TouchUI: The Misunderstood Paradigm Excerpts

Part 1 of my 2 part article on TouchUI is now up on DiceNews. In it I talk about the current state of TouchUI in the setting of responding to Josh Clark’s views on it. I want to make it perfectly clear, I think he is on the right track. However, he seems to miss some of what we have learned about user interfaces the past 25+ years.

In order to fit in the format, I pulled a section of the article where I brainstormed about how I believe a TouchUI should work as a foundation for adding custom gestures and interfaces. There are probably problems with some of these ideas, but it is just a cursory glance at what a baseline UI should have. I am throwing it in here for your consideration. As always: intelligent feedback is welcome.

Some are obviously inspired (“ripped off”) from WebOS, and some are from Android and iOS. However, for the most part a cohesive convention of how things should be done that is translatable to all manner of touch screens has not emerged. This is my “first” public swing, but I think about this stuff all the time, especially whenever I am using a frustrating interface.

STIG: Noivad’s VaporUI

If I were to design a default UI it would have the following base features available, in addition to buttons and conventions that follow an updated MHIG called the Standard Touch Interface Guidelines (STIG):

Closing an App/File Deletion/Peripheral Eject: swipe an icon diagonally down (upper-left to lower-right) to toss it in the trash (that’s where I used to keep my trash can in Mac OS 1–9 anyway).

Undo: two fingers slid diagonally up and to the left.

Redo: two fingers slid diagonally down and to the right.

Save/Send to “Holding Pen”/Copy: A quick flick vertically up and off the screen.

Context Sensitive Menu/More Options… A double tap would simulate a right-click across the board, and usually pull up a context sensitive menu.

Get Info/More Detail/Drill Down: Spreading 2 fingers to drill down into an entry. “Get (More) Info…” on text, Zoom Graphics by default.

Open App Prefs {1 Finger},System Prefs{2 Fingers}: An sweeping arc from upper left to middle would swing open a preferences palette.

Switch Tabs/Switch Pages {1 Finger},Switch Apps{2 Fingers}: Horizontal Swipes left-to-right or right-to-left.
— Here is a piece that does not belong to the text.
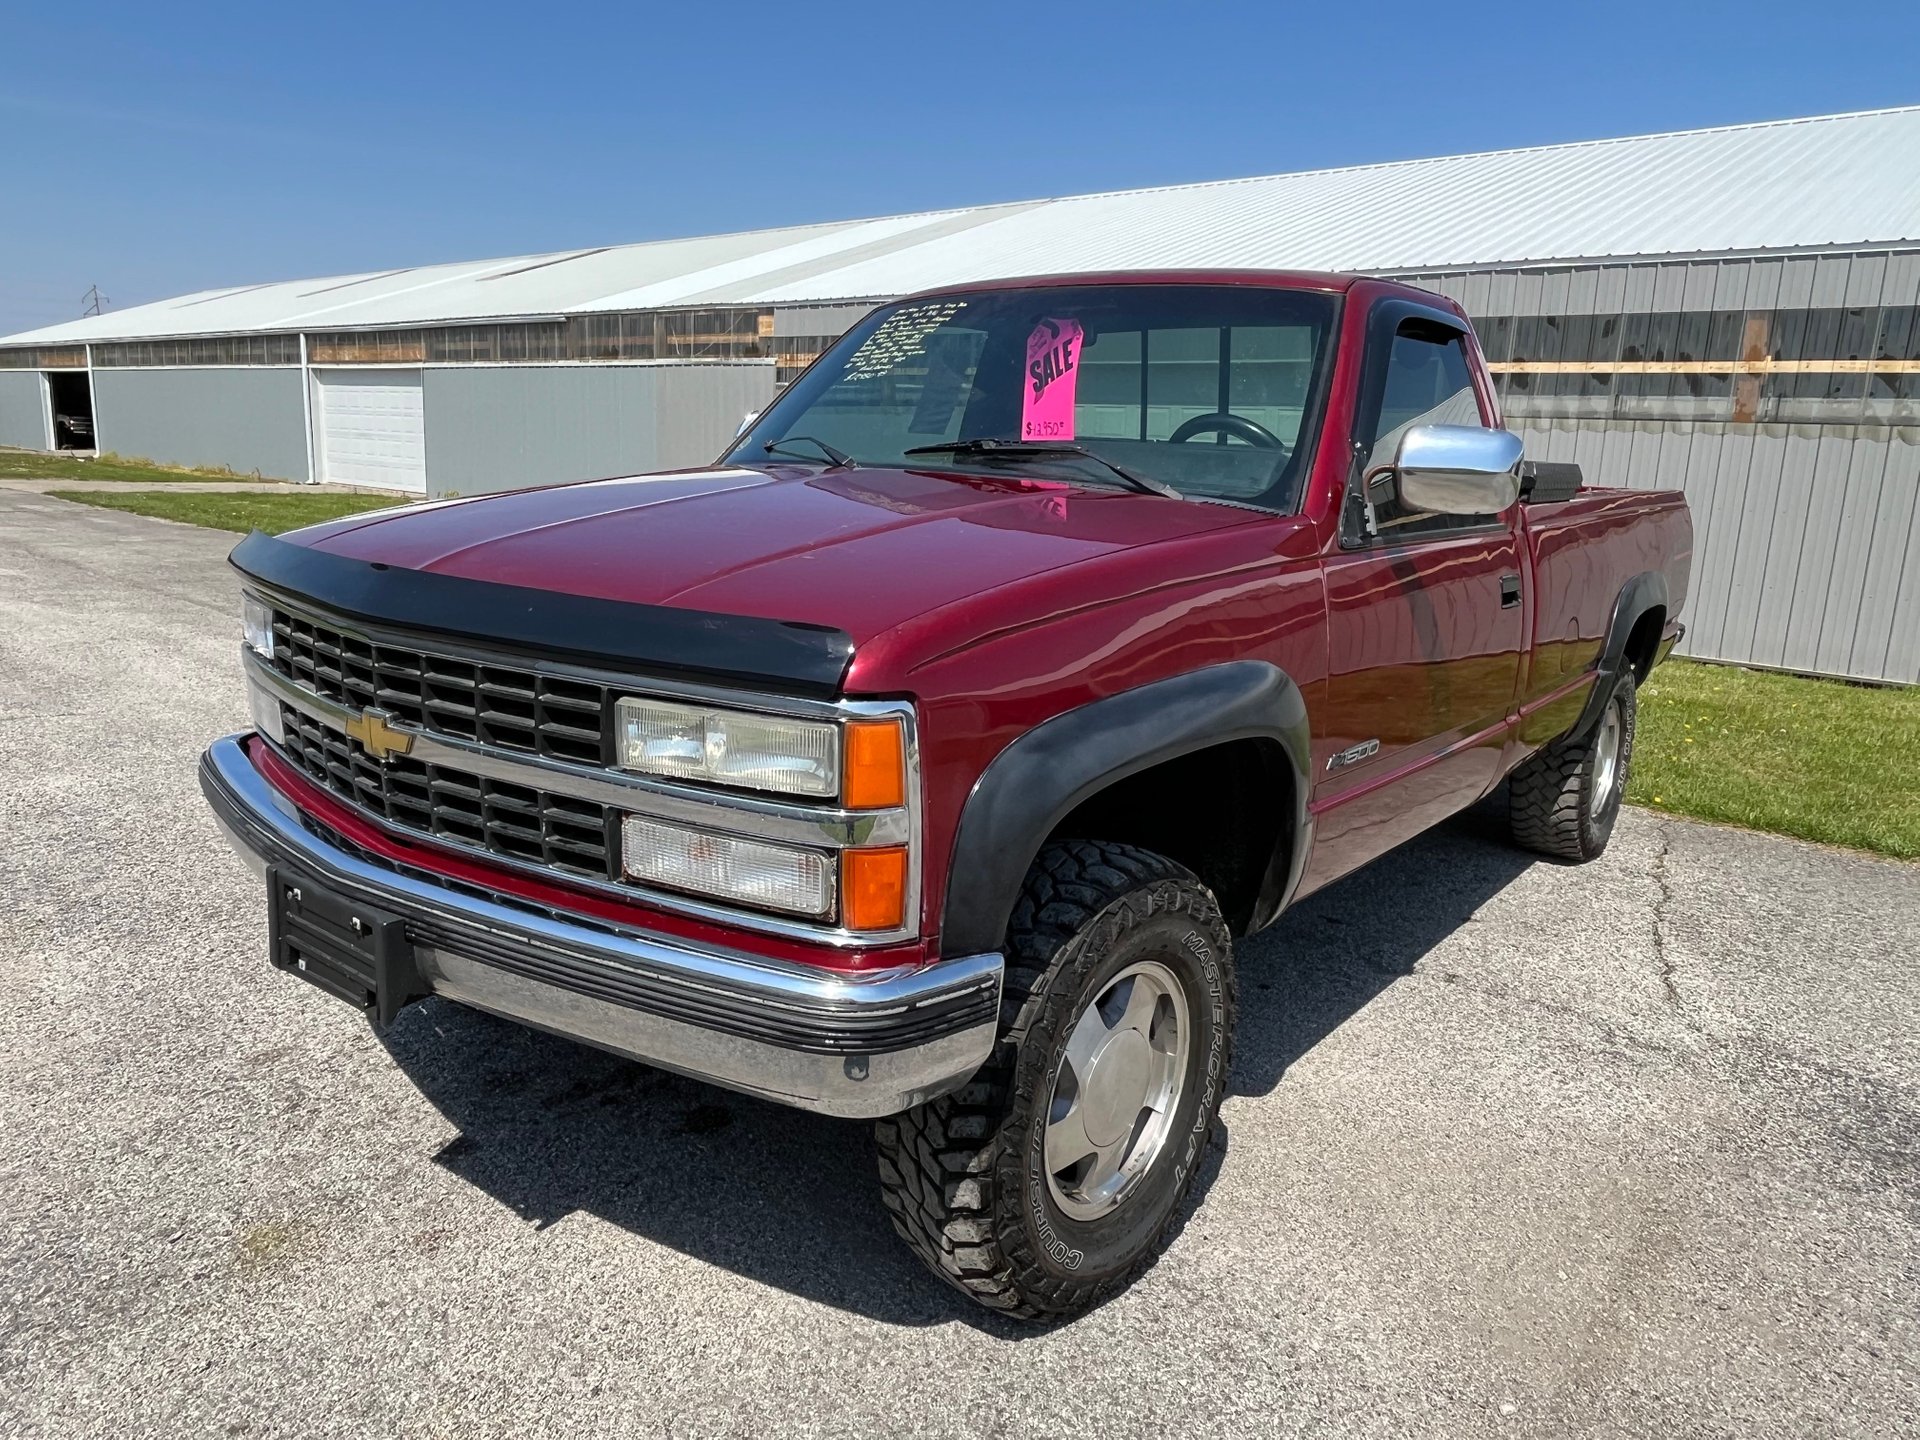 1990 Chevrolet 1500 Pickups | Country Classic Cars
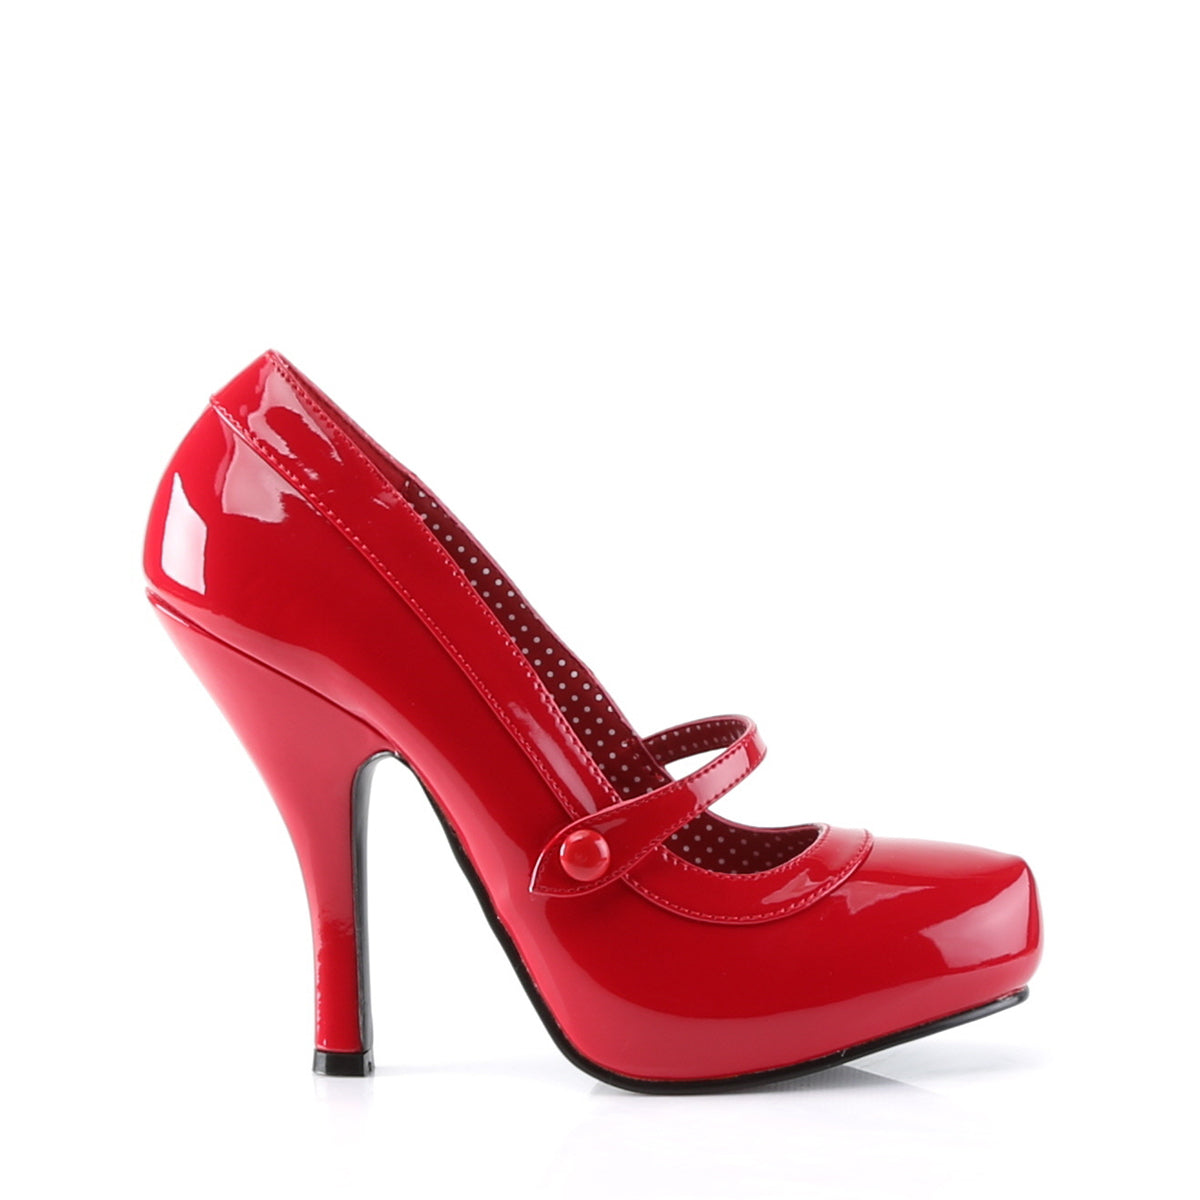 CUTIEPIE-02 Pin Up Couture Red Patent Platforms [Sexy Shoes]

Hover over: one finger held on a button or control for over a default of 1.5 seconds brings up contextual item such as the question mark in the article. (user-adjustable of course. Idea “courtesy” of Finderpop)

Combo Gesture: One could combine these gestures as well (i.e. preferences arc & spreading fingers would open advanced prefs.)

Open Calendar{1 Finger}, Open ToDo List{2 Fingers}: an arc traced from the top right corner to center.

Advanced Features/User Programmable: Three and four fingers added to any gesture could perform advanced actions and be customizable. If no custom action was set, a menu would pop up with possible actions.

Teaching the OS New Gestures: In iOS, use the same Settings>General>Accessibility>Assistive Touch>Create New Gesture… screen to record complex gestures and assign actions system wide and by app. (much like creating F-key or command keys activate menu options in OS X’s keyboard control pane.) Make a two finger double tap and spread finger combo bring up the gesture recorder by default. Steve Jobs said an app should never need more than 3 clicks/actions to do anything: Um, Apple, you are way beyond 3 clicks to get to some settings.

All defaults could be changed and saved individually or as gesture sets, exported and shared.